Most research studies in the field take the characteristics of their respective reservoirs into consideration, and carry out specific studies to select a reasonable well type using economic indicators according to experience, field tests or numerical simulations [8,9,10,11,12,13] From the perspective of the method, the empirical method requires a high level of skill from the engineer. The period of oilfield tests is long, and the cost is relatively high. The numerical simulation method is relatively simple and rapid, but its accuracy is seriously influenced by reservoir parameters. From the perspective of indicators, the use of economic indicators is not conducive to the continuous and stable production of oil fields.
In addition to the mainstream methods mentioned above, there are some other methods that are very useful. Some scholars use several engineering-related parameters such as drilling and reservoirs, as indicators to build a comprehensive model and adopt intelligent algorithms to optimize well types [14,15,16,17]. However, this comprehensive numerical simulation model still requires a large number of field parameters and is therefore very sensitive to data, and even if intelligent algorithms are used to improve the model performance, the reliability of the model cannot be guaranteed.

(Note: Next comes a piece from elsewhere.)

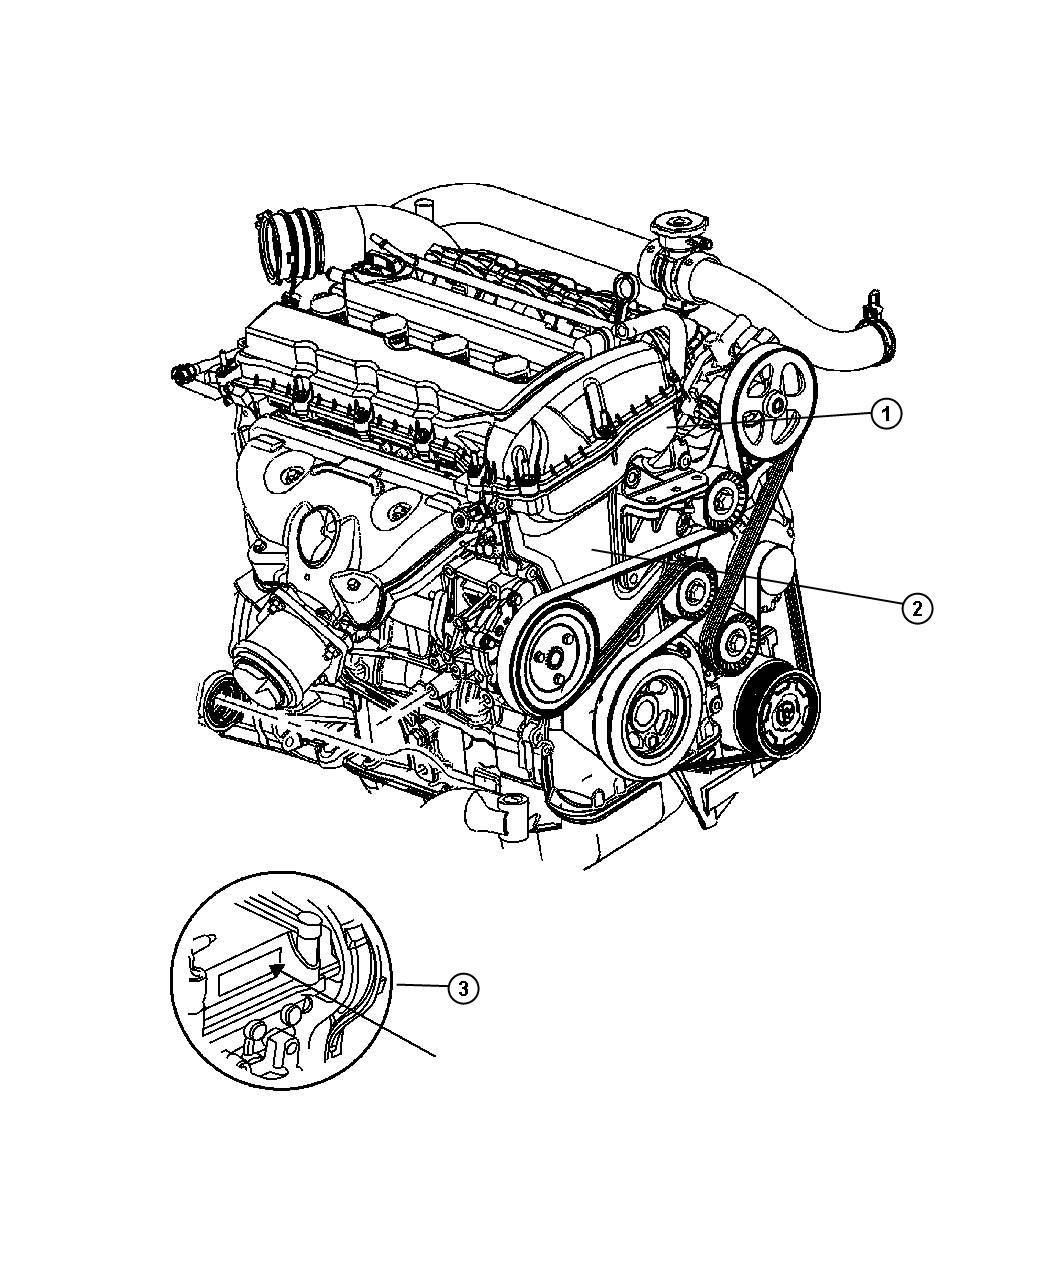 2008 Dodge Caliber Engine. Long block. Turbo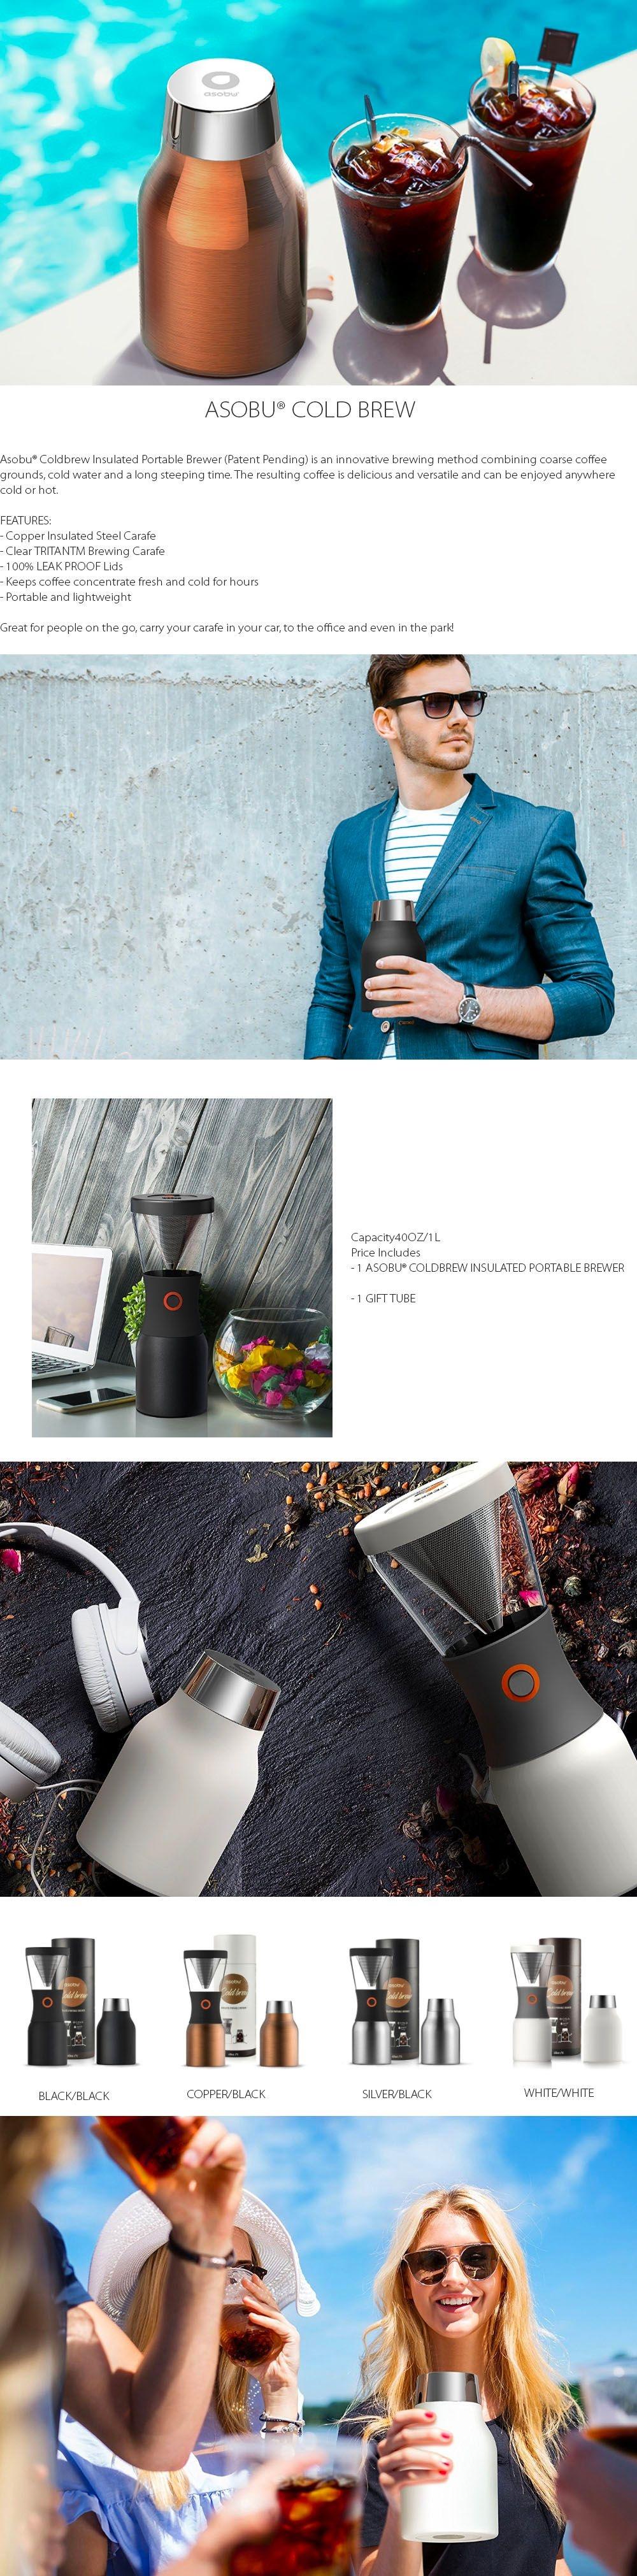 Asobu Coldbrew Coffee Maker Portable Brewer

In addition, the excessive amount of data required makes it difficult to perform sensitivity analysis with this type of method. There are also some scholars using statistical laws to optimize unconventional wells [18,19,20]. However, this method requires a large amount of data analysis for a specific oilfield block, and the selected early production characteristic indicators need to be representative, which makes the analysis difficult and less generalizable.
This paper proposes a simple and systematic analysis method for the matching of unconventional wells and reservoirs. The method first simplifies the reservoir within reasonable limits, selects suitable initial well types by checking the table proposed in this paper, and then calculates the production rate in different producing sections of the wells through a semi-analytical model, and finally takes the production rate difference of each producing section as the judgment criterion to determine the matching of selected well type and reservoir. In order to demonstrate the workflow of this method, we provide a case at the end of the paper.
Compared to comprehensive numerical simulation models, the semi-analytical model requires very few parameters, which makes it easier to perform sensitivity analysis and the arithmetic results are less affected by data errors. In addition, in terms of evaluation indicators, production is the comprehensive result of implementing various engineering measures, which is more comprehensive than drilling indicators, reservoir parameter indicators, economic indicators, etc. Therefore, the model is simple, fast, comprehensive and stable, which can be used as guidance for the preference and optimization of unconventional wells.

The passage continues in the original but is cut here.